In our Chilean example, the line is diagonal and encloses a zigzag. Woman-urns
with diagonals or zigzags below the eyes are also known from Samarra,
Iraq; Hacilar, Anatolia; and the early Vinca culture in Macedonia, circa
5100 BCE. Separated as they are by many thousands of years, and even more
miles, I can confidently state that no historical diffusion or ethnic
connections account for such distinctive resemblances. They appear of
their own accord out of the human creative spirit and common cultural
meanings. They are icons of the grieving mother and of the ancestral source
that people looked to for rebirth.
The “crying eye” sign appears in west African megaliths as
well. Stone pillars in the upper Cross river region of Nigeria show lines
streaming from their heavily outlined eyes. One has a mask-like lioness
silhouette around the face. The gender is not clearly marked, unless the
outlined oval swelling on the belly represents pregnancy. The Ekoi people
venerate the stones as ancestors.
I came across another stunning resemblance of Diaguitas
ceramics to a much older neolithic counterpart. Around 1500 CE Chilean
potters made breasted bird-woman vessels, painted with kaolin, carbon
and ochres. Their descendants have kept the prototype alive, though they
no longer paint them. Their bird-pots express the same concept as breasted
vessels in the shape of waterbirds from the Körös group in Hungary,
circa 5500 BCE. [Gimbutas 1991:29] Breasted bird decanters of an entirely
different shape were made in the ancient Aegean, with a long spout and
dotted circles around the breasts. Whatever the style, a nurturant bird-mother
is the common theme.
[Illustration on left is the 7500-year-old European vessel;
the South American at right.]
An unusual woman-pot comes from Tell Far’ah, Jordan,
circa 4000 BCE: a ceramic figure raises her arms toward a pot that sits
on her shoulders in place of a head. Occasionally vulvas are highlighted,
on round-eyed clay matrikas attached to a Carib pot at Vivé, Martinique,
and on a fierce-looking woman sticking out her tongue on an apotropaic
Tairona vessel of Colombia. An outright sheila-na-gig turns up at the
classic Halaf site in Syria. Some unique pots of the Nazca culture in
Peru are molded and painted with a series of large, fully naturalistic
vulvas, with clitoris. More abstract vulva forms are painted on pots of
the Banpo (China) and Cucuteni-Tripolye (Ukraine) cultures. Vulvas were
painted with fine red ochre lines on vessels from Thailand, circa 2500
Some are certain to object to this interpretation, so I refer them to
a similar fine-lined vulviform on a Hopi pot. In this case, an authentic
culture-bearer is present to shed light on the symbolism. The master potter
Dextra Quotsquyva explains that she painted this fine-lined symbol to
represent the womb of Mother Earth as the source of life, “surrounded
by the spirits of all unborn people entering the world.” [Arnold
1982: 603] This does not “prove” that the neolithic Thai symbol
is a vulva, but does demand serious consideration of the idea. It is a
symbol found in sacred contexts around the world. Matrix icons are still
a living tradition, and their custodians unequivocally affirm their sacredness.

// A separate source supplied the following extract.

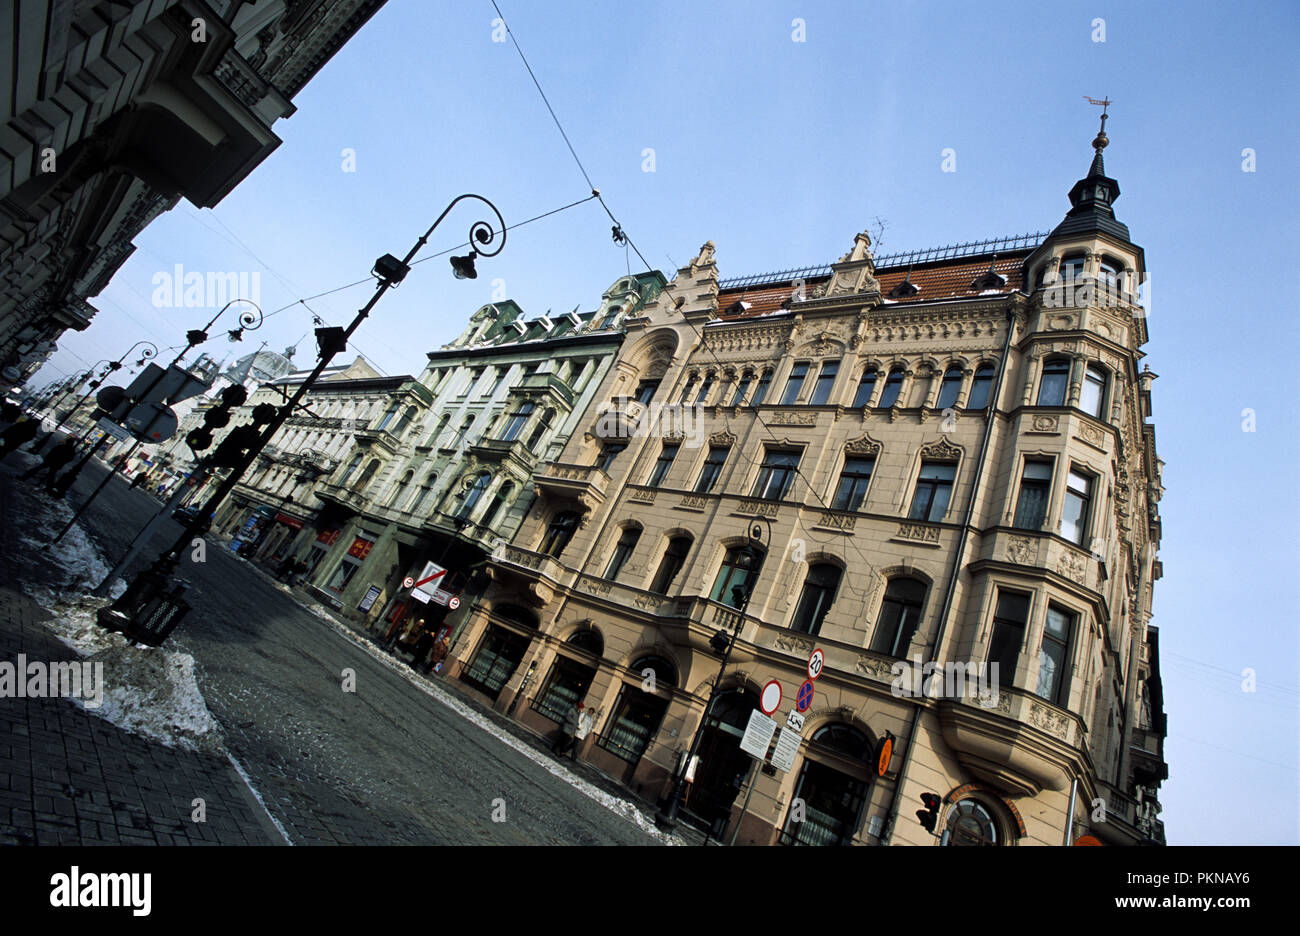 The famous Piotrowska Street in central Lodz Poland, the building on the right houses a cafe and restuarant on the lower floor 2007 Stock Photo

1. Clearly not all present-day matrilineal systems are egalitarian. Many,
particularly those practicing patrilocal residence, show increased emphasis
on patrilineal inheritance and the sexual double standard that goes with
it. The historic trend toward patriarchy deserves further analysis not
possible in this short article. My use of “matrix” rather
than “matriarchy” is a strategic choice, not only because
of its multiple resonances, but also for clarity, and to interrupt the
misrepresentation of these cultures as another system of domination. But
feminist scholars of this subject, whether they use “matriarchy,”
“gylany,” or other terms, agree that the egalitarian matrilineages
uphold a different paradigm than the hierarchical patriarchal societies.
2. Jacques Cauvin (2000: 205) rightly calls these female icons the “central
preoccupation of the Neolithic.”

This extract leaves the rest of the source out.